Fantasy Fiction Factor – Fantasy Sub-Genres

The wedding of King Arthur and Queen Guinevere

What is fantasy fiction? Is it just wizards and ogres and elves? How do I determine what kind of fantasy I want?  What happens if there’s a crossover and I write two genres at the same time?   These are all questions that fantasy writers ask themselves at one time or another.  They deserve an answer. We’ll be looking at some of them in-depth in the future.  In the meantime,  I took a trip on the web and found that Lee Masters of Fantasy Fiction Factor has some of the answers in his well-written article.  Here’s an excerpt.

Fantasy Sub-Genres

by Lee Masterson

Speculative fiction is a difficult genre to categorize neatly.
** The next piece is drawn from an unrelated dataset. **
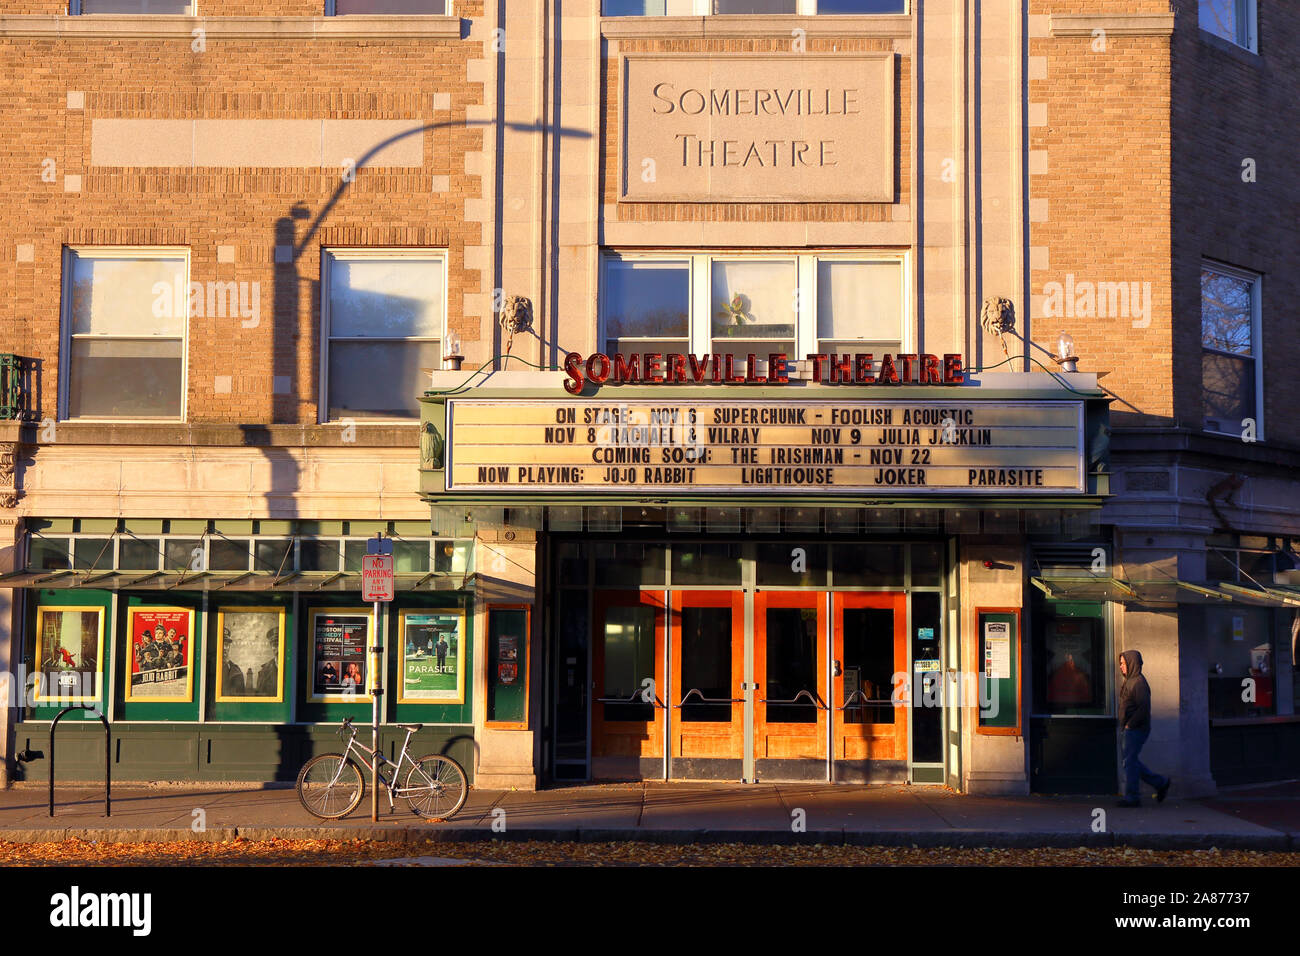 Somerville Theatre, 55 Davis Square, Somerville, MA. aussen Verkaufsplattform, einem Film, Theater und Performance. Stockfoto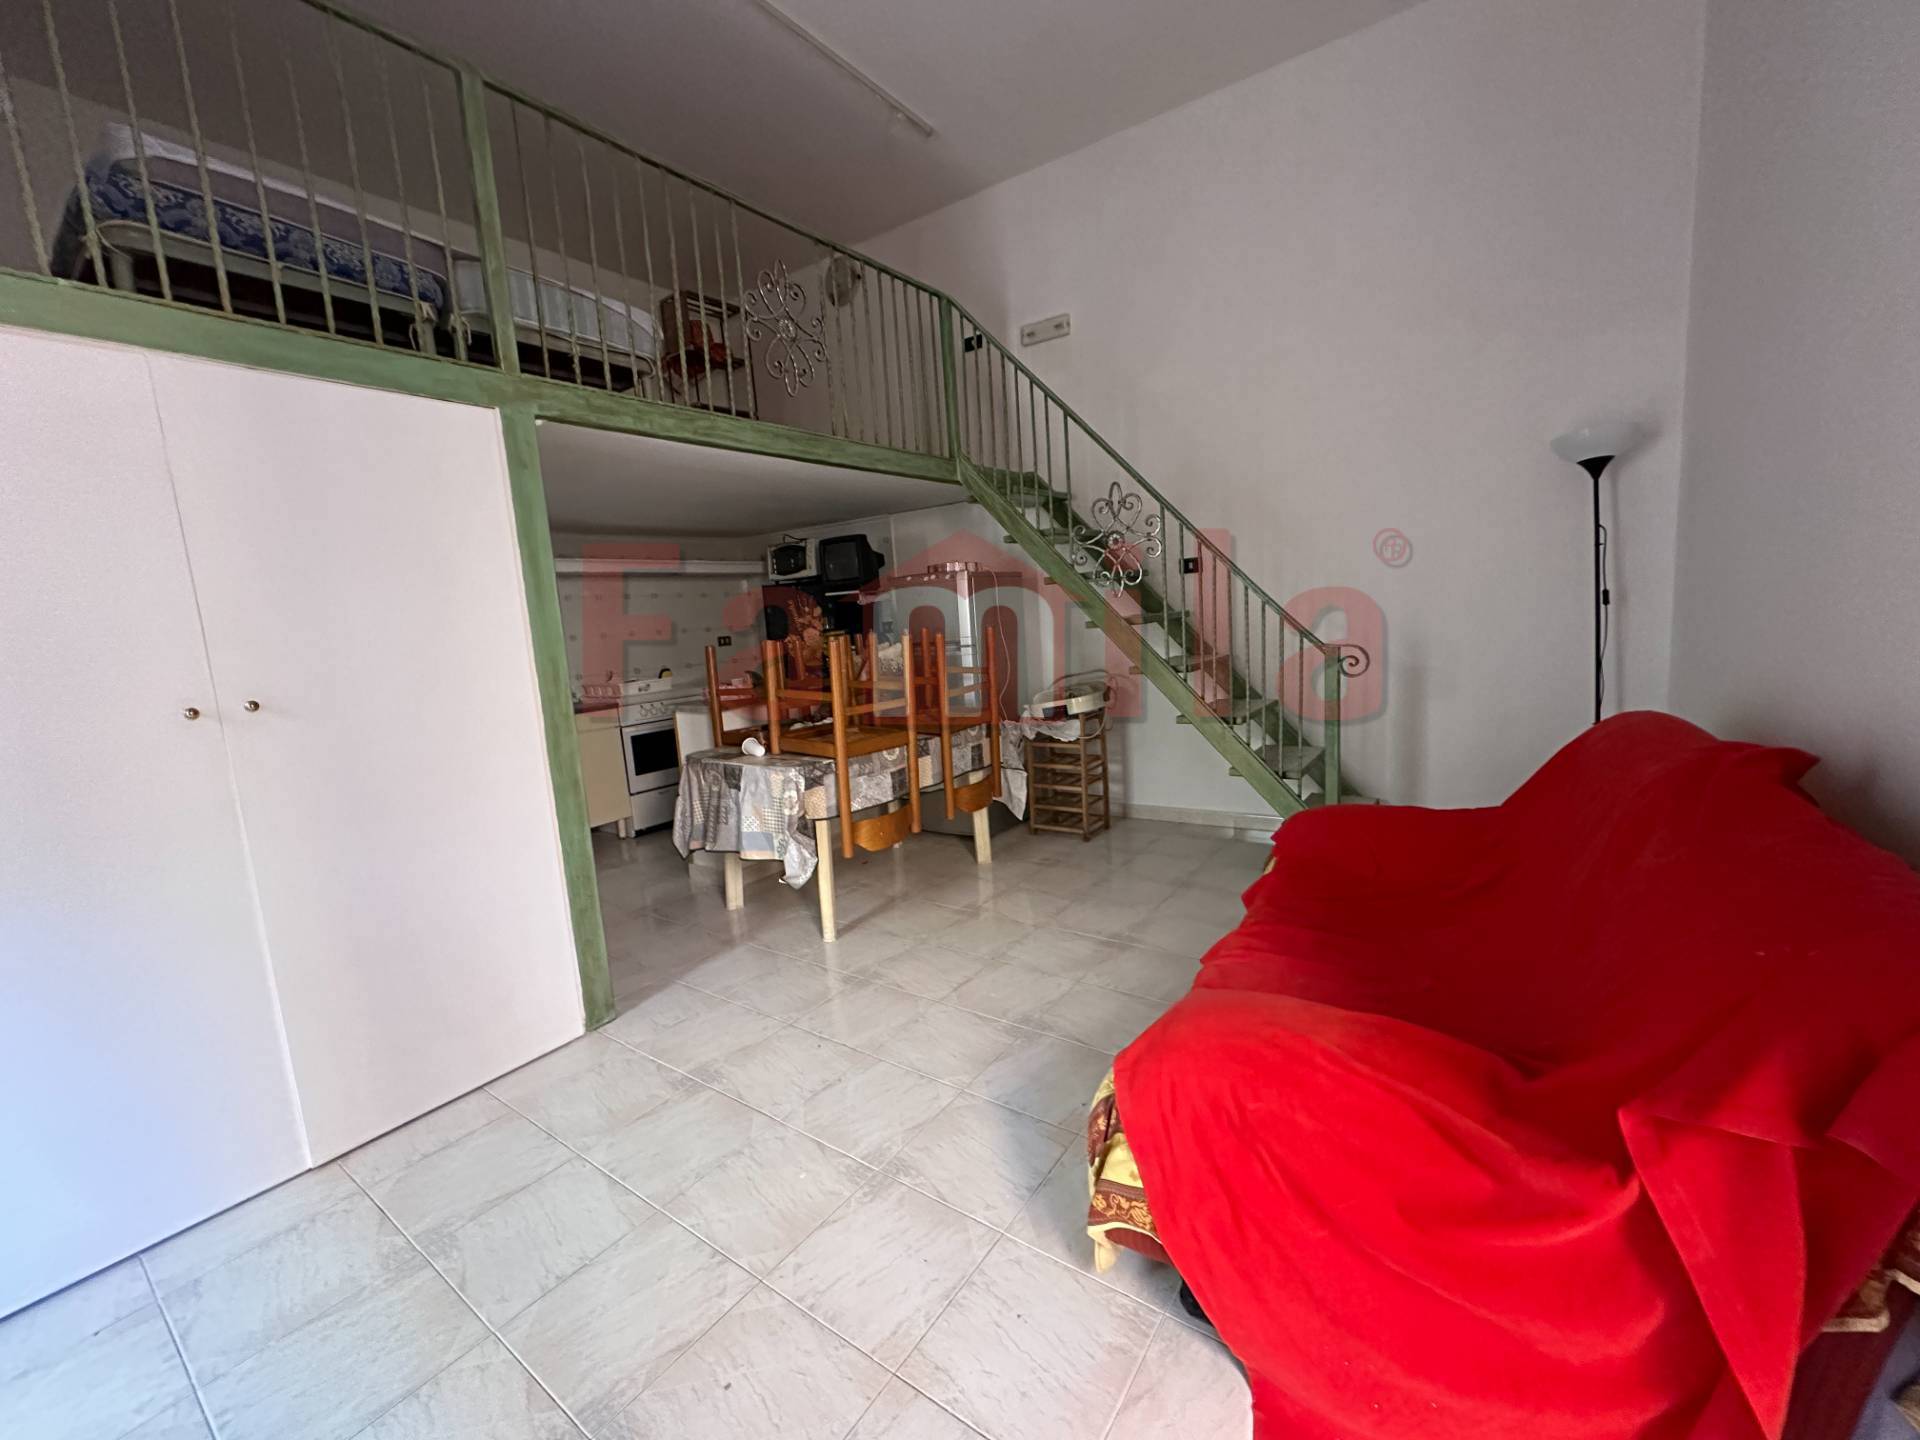 Appartamento in vendita a Sperone, 2 locali, prezzo € 27.500 | PortaleAgenzieImmobiliari.it

For example, some authors might argue that most speculative fiction is pure fantasy – and yet a fantastical tale set in a far distant future would be more likely classified as ‘science fiction’.

A knight in shining armor

In recent times, the term ‘fantasy’, when regarded as part of an individual genre, generally brings to mind tales of dragons and castles and knights in shining armor – but in truth, the genre as a whole encompasses so much more.

Below, I have tried to separate some purely ‘fantasy’ sub-genre listings.  (Read the rest of this article
 via Fantasy Fiction Factor – Fantasy Sub-Genres.)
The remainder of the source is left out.